Ok, I know this post and its title seems like the most obvious thing in the world.
But empirically, I can tell you it isn’t. Over the past years writing SaaStr, I’ve met with friends/colleagues/partners/ex-customers who are total rockstars and working on starting a company. (Yes, I know that’s an overused term).
As individuals, they are amazing.
But what they don’t have is a good enough founding team:
- Sometimes, if the prospective founder isn’t super technical, then the CTO/VPE isn’t really great. They’ve got a rent-a-CTO.
- Or if the founder is technical, and it’s SaaS, they just don’t quite have enough business and domain expertise on the team to really figure it out from a customer side (interviews, getting on a plane, proto-sales, market sizing and segmentation, etc.).
- Or sometimes they are great, but the team members are just not great enough for their new C-level roles (CEO, CTO, CMO, CSO, CBO, C?O).

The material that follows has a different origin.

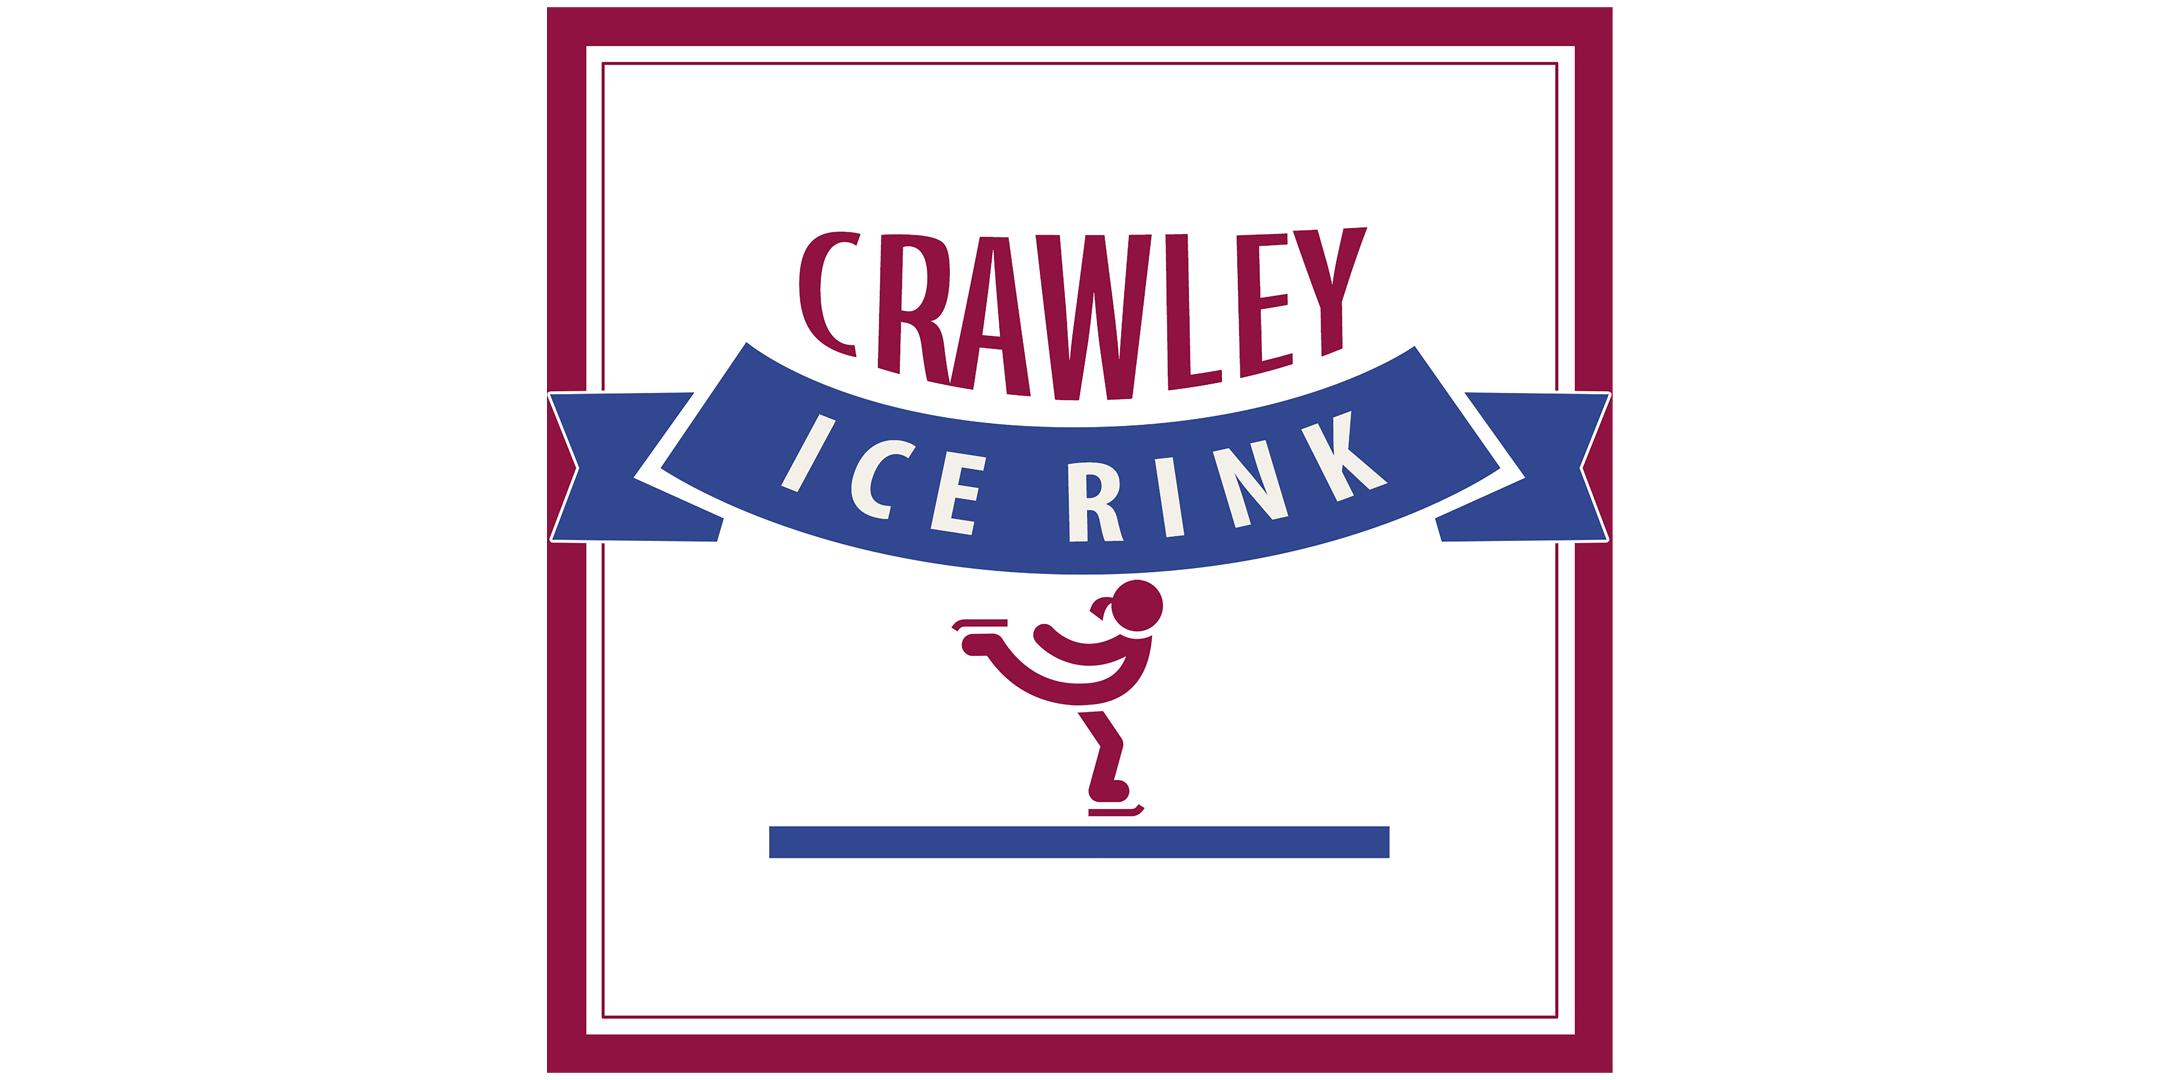 Crawley Ice Rink - 23rd November (Off Peak)

Yes, I know statistically, the odds are against you when you do a start-up. I also concede that markets are just as important as teams. But great teams find great markets, so that doesn’t really matter.
But.
Personally, I don’t know of a single rockstar founding team that didn’t somehow, someway, scrape out at least a single. At least an acqui-hire. At least a soft landing, or a pay-everyone-back M&A. I know there are plenty of contraexamples, but in my network, all of the great teams find a way to make something of their start-ups. Sometimes a home run, sometimes a double. At least a single. But basically, no one that is great, but without a great team, did. A few, but they almost died doing it.
I guess here’s my point to my friends and colleagues anxious to do a start-up. I hear you. And Yes, you are Great. But Wait. Wait until you have a Great Team, a Truly Great Team. Even if this specific opportunity passes you by. Even if it takes 18 months. And if your Team is Almost Great — this is the hardest one — you should still Take a Pause.
I’m not saying your team has to be 100% complete before you write a line of code. Of course, that’s impossible. But you have to have the rockstar team it takes you to get to reality, to pre-traction, on Day 1.
If not, focus on team building. You’ll somehow come up with another idea, another vision.